Data Structures
Overview
PRSense uses carefully chosen data structures to balance performance, accuracy, and maintainability.
1. Bloom Filter
Purpose
Probabilistic set for O(1) duplicate rejection.
Implementation
class BloomFilter {
private bits: Uint8Array // Bit array
private size: number // Array size
private hashes: number // Number of hash functions
}
Properties
- Space: 8192 bytes (8 KB) by default
- False positive rate: ~1% with 5 hash functions
- False negatives: 0% (guaranteed)
Tuning
m = -n * ln(p) / (ln(2)^2)
k = (m / n) * ln(2)
Where:
- m = bit array size
- n = expected number of PRs
- p = target false positive rate
- k = optimal number of hash functions
Example
For 1000 PRs with 1% FP rate:
- m ≈ 9585 bits
- k ≈ 7 hash functions
2. Attribution Graph
Purpose
Directed acyclic graph (DAG) tracking PR duplication lineage.
Structure
class AttributionGraph {
private parent: Map<number, number> // child → parent
private children: Map<number, Set<number>> // parent → children
}
Invariants
- Acyclic: No PR can be its own ancestor
- Single parent: Each PR has at most one original
- Multiple children: Original PR can have many duplicates
Visual Example
PR #100 (original)
├── PR #101 (duplicate)
├── PR #102 (duplicate)
└── PR #103 (duplicate)
└── PR #104 (duplicate of duplicate)
Operations
| Operation | Time | Description |
|---|---|---|
addEdge(dup, orig) | O(1) | Link duplicate to original |
getOriginal(pr) | O(depth) | Find root ancestor |
getAllDuplicates(pr) | O(n) | Get all descendants |
3. Embedding Storage
Format
interface EmbeddingSet {
text: Float32Array // 384-768 dimensions
diff: Float32Array // 384-768 dimensions
}
Memory Considerations
For 1M PRs with 768-dim embeddings:
storage = 1M × 2 embeddings × 768 dims × 4 bytes/float
= 6.1 GB
Optimization Strategies
- Quantization: 4-byte float → 1-byte int8 (4× smaller)
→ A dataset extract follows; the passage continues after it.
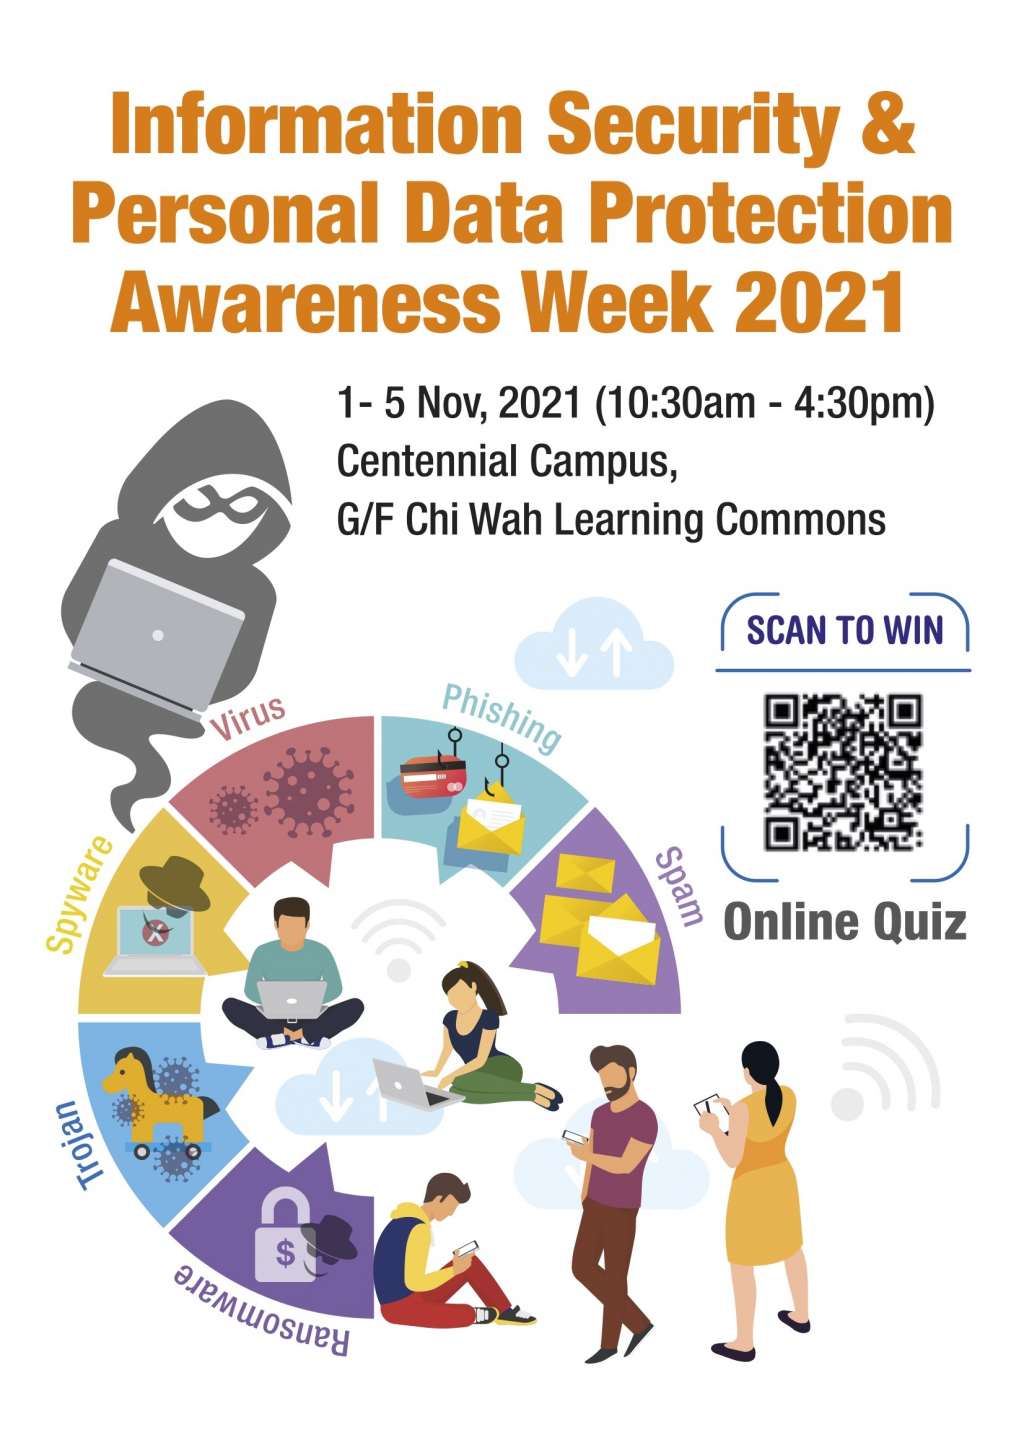 Information Security & Personal Data Protection Awareness Week 2021
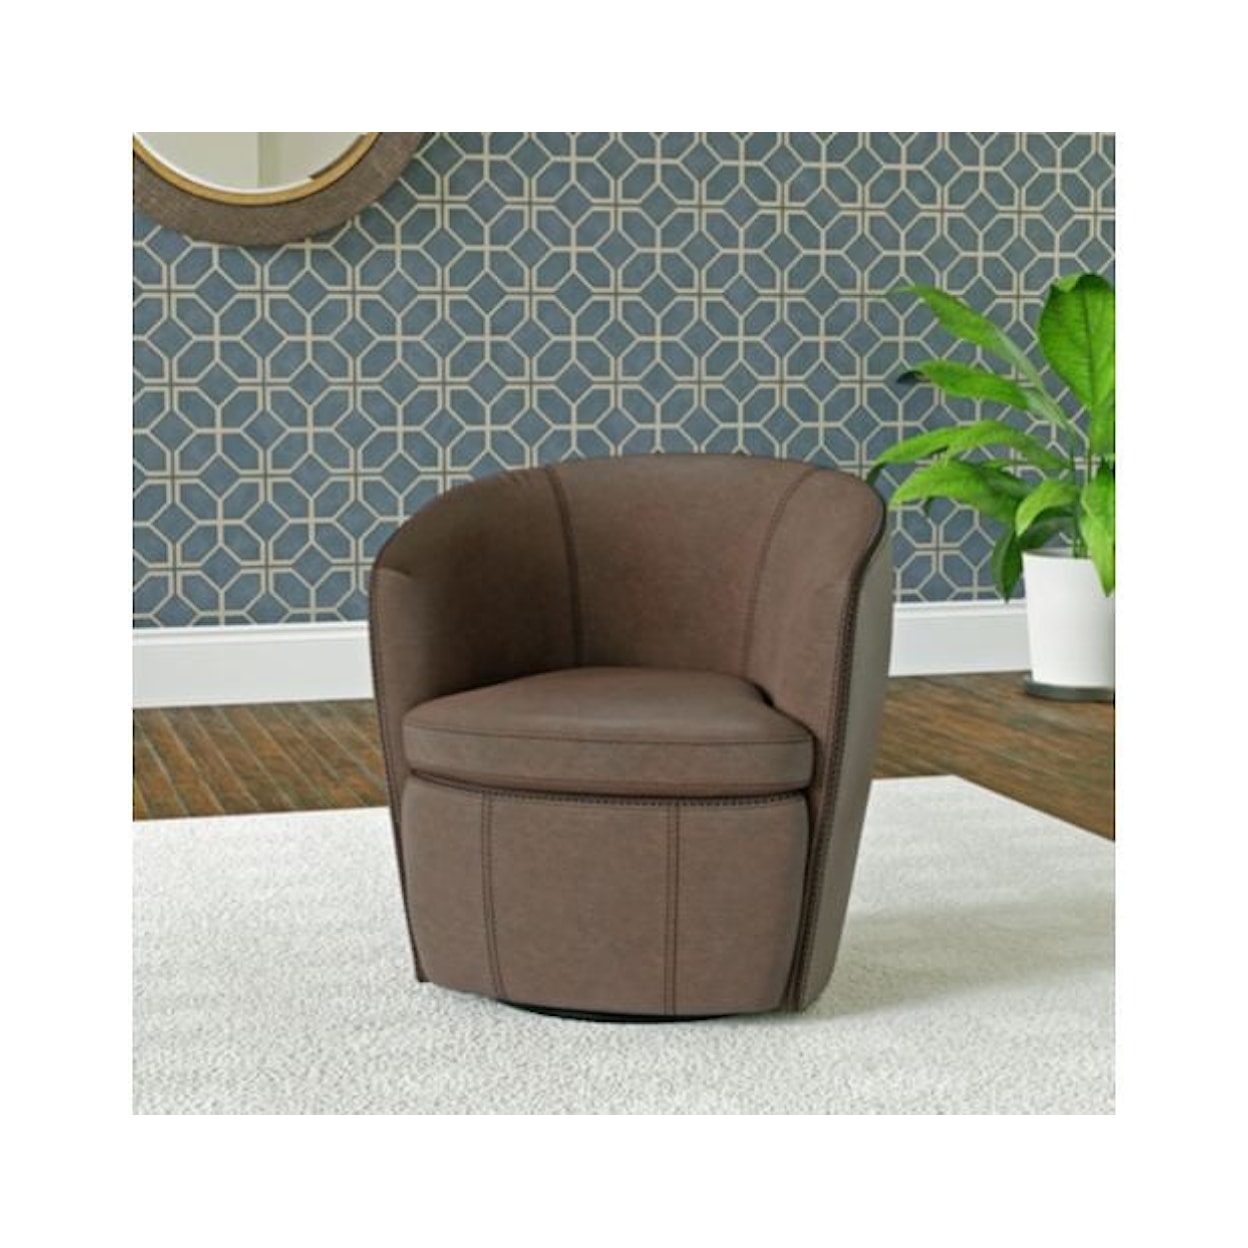 Parker House Barolo Upholstered Chairs

- PCA reduction: 768 dims → 256 dims (3× smaller)
- Sparse storage: Only store non-zero values
4. Candidate Queue
Purpose
Priority queue for re-ranking ANN results.
Structure
interface Candidate {
prId: number
scoreHint: number // Initial ANN score
}
Usage
// ANN returns candidates with approximate scores
const candidates = annIndex.search(embedding, k=20)
// Re-rank with exact multi-signal scoring
candidates.sort((a, b) =>
exactScore(b) - exactScore(a)
)
Batch Results (Feature 3)
interface BatchResult {
prId: number
bestMatch?: {
originalPrId: number
confidence: number
type: 'DUPLICATE' | 'POSSIBLE'
}
processingTimeMs: number
}
5. File Path Set
Purpose
Fast file overlap computation.
Implementation
type FilePathSet = Set<string>
Why Set?
- O(1) membership test:
set.has(path) - Native deduplication: No manual handling
- Memory efficient: Stores unique paths only
Example
const files1 = new Set(['auth/login.ts', 'auth/utils.ts'])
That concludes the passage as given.